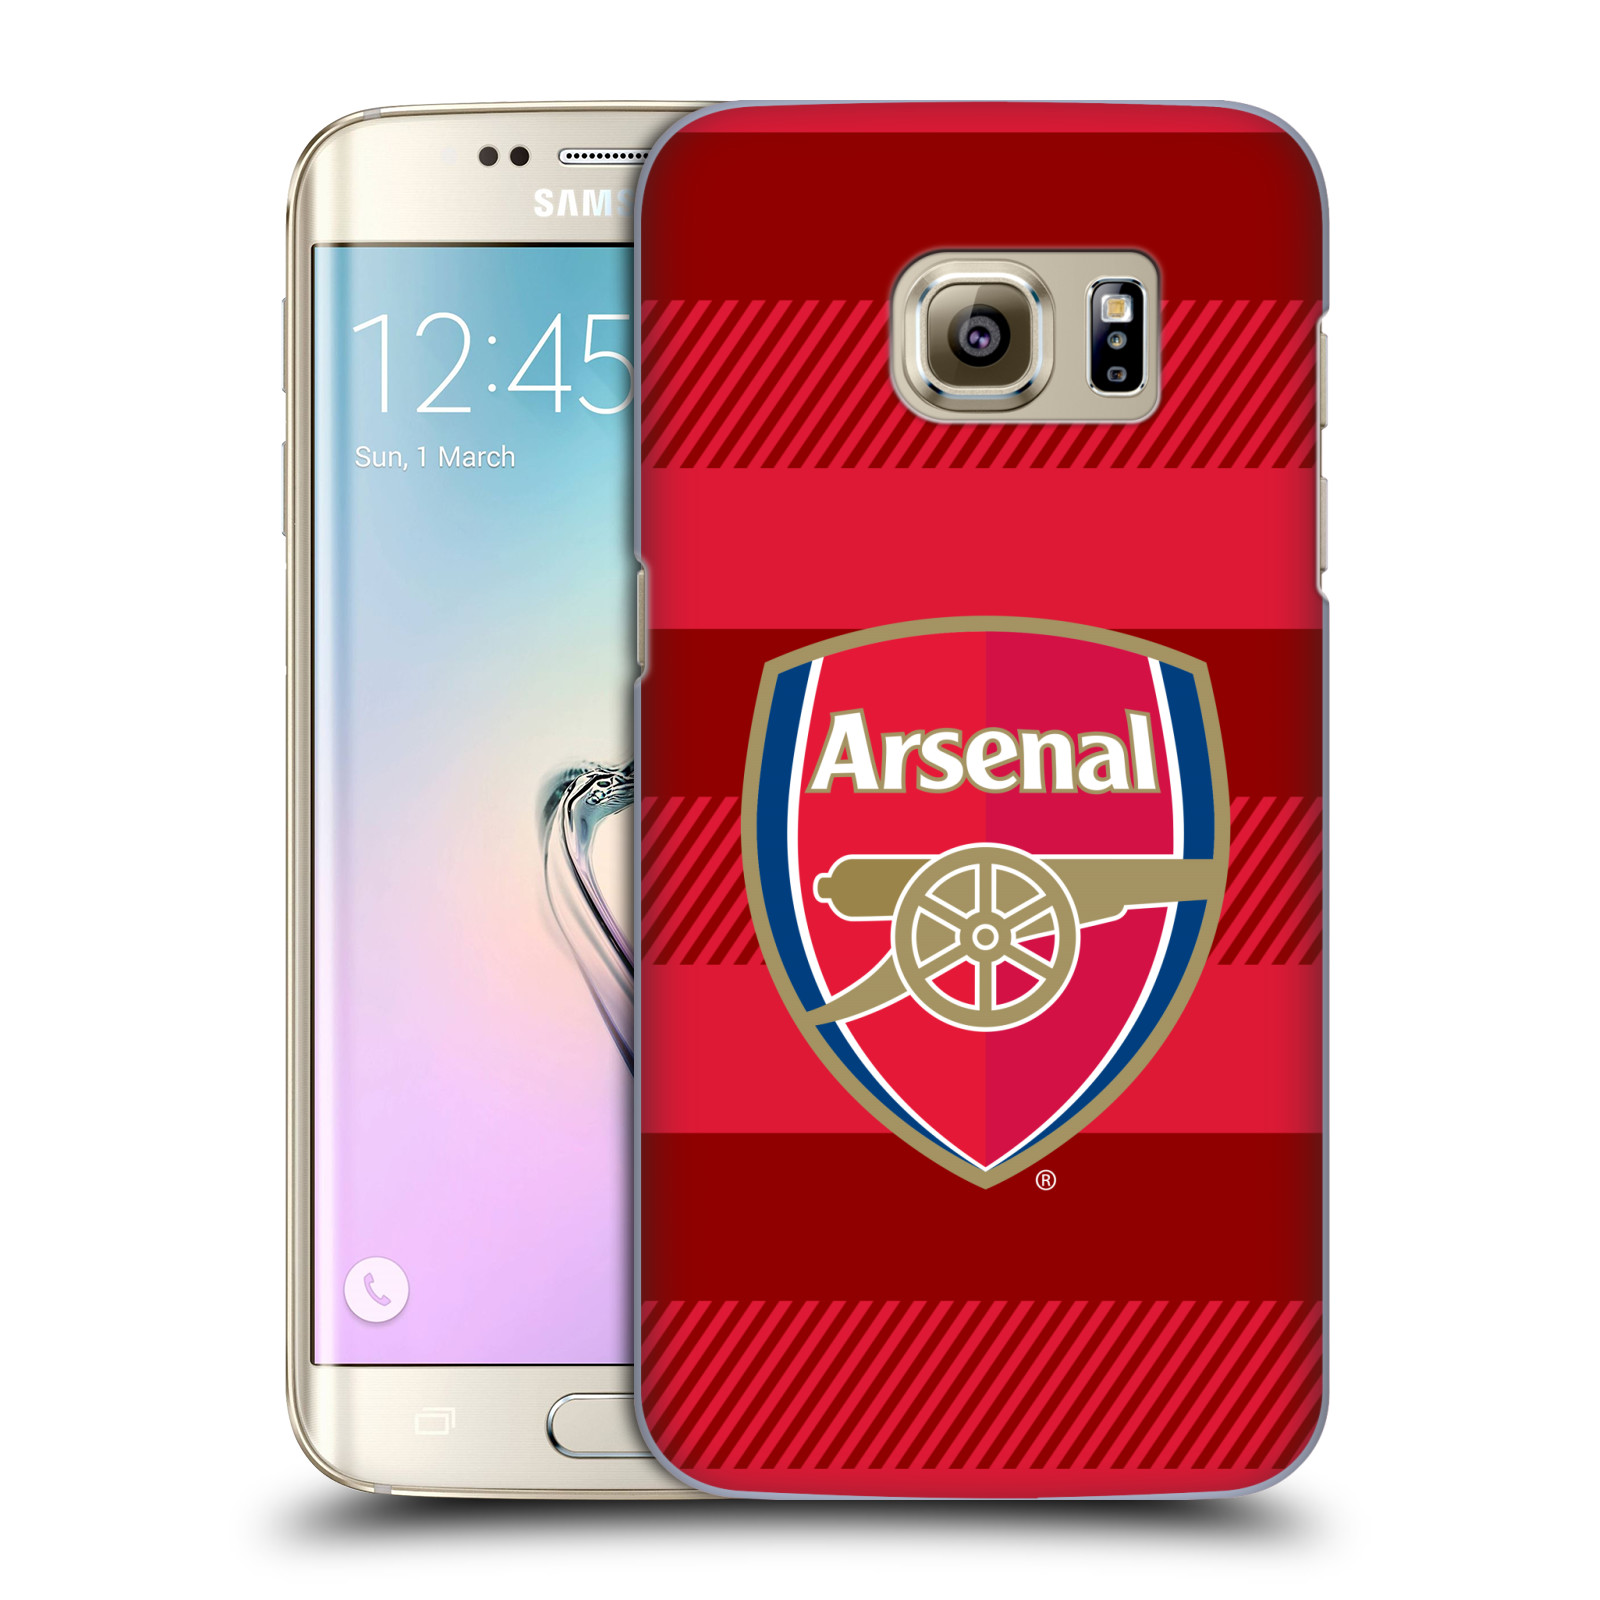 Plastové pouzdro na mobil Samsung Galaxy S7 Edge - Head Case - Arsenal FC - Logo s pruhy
---
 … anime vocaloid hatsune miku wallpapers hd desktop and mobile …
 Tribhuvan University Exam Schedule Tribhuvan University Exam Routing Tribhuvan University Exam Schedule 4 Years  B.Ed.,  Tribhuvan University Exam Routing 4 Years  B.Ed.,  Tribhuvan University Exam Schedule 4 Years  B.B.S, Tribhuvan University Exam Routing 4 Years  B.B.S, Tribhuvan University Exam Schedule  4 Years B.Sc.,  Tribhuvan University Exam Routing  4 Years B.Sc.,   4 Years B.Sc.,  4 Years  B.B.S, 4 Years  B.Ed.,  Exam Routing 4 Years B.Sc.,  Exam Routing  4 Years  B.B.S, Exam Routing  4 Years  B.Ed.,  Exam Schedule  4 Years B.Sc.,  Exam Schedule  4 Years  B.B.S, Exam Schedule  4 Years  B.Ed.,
...
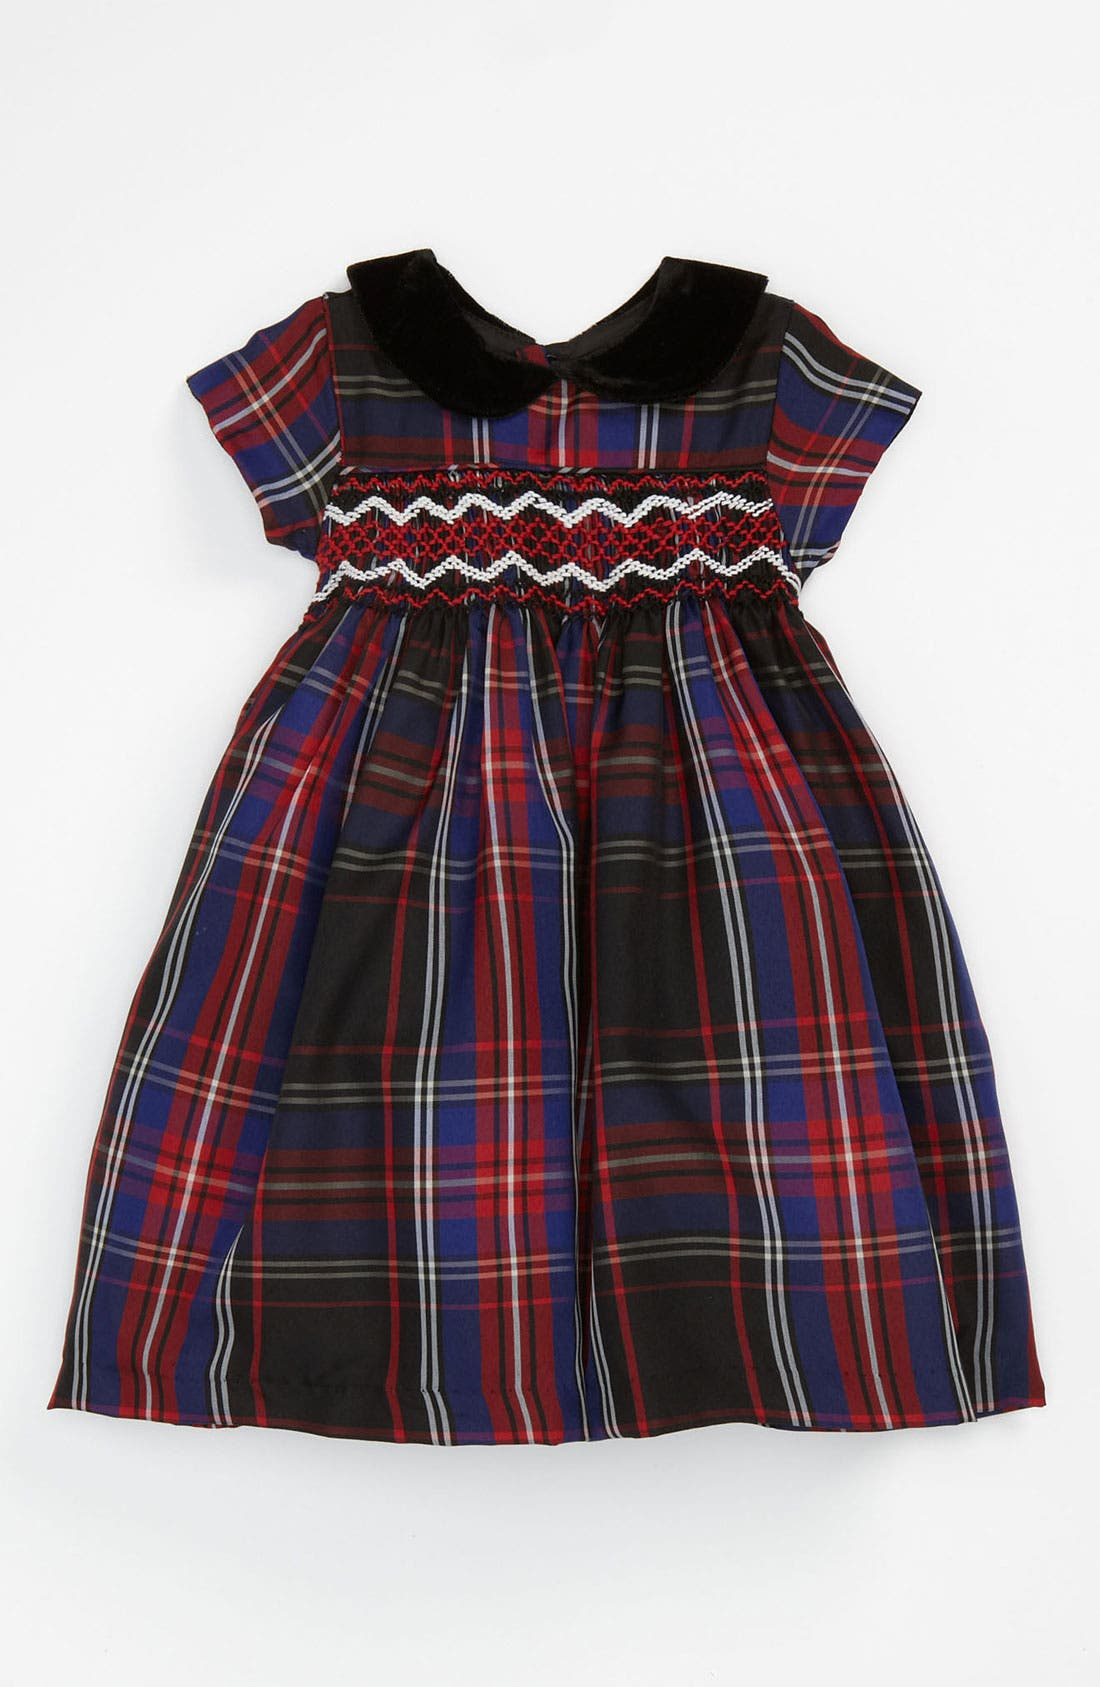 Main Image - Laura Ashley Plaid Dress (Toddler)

Your instructions: Take from the material above the lines running from the one with "and mobile …" through the one with "Tribhuvan University Exam Schedule Tribhuvan", and repeat them exactly, with nothing else.

Final answer:
 … anime vocaloid hatsune miku wallpapers hd desktop and mobile …
 Tribhuvan University Exam Schedule Tribhuvan University Exam Routing Tribhuvan University Exam Schedule 4 Years  B.Ed.,  Tribhuvan University Exam Routing 4 Years  B.Ed.,  Tribhuvan University Exam Schedule 4 Years  B.B.S, Tribhuvan University Exam Routing 4 Years  B.B.S, Tribhuvan University Exam Schedule  4 Years B.Sc.,  Tribhuvan University Exam Routing  4 Years B.Sc.,   4 Years B.Sc.,  4 Years  B.B.S, 4 Years  B.Ed.,  Exam Routing 4 Years B.Sc.,  Exam Routing  4 Years  B.B.S, Exam Routing  4 Years  B.Ed.,  Exam Schedule  4 Years B.Sc.,  Exam Schedule  4 Years  B.B.S, Exam Schedule  4 Years  B.Ed.,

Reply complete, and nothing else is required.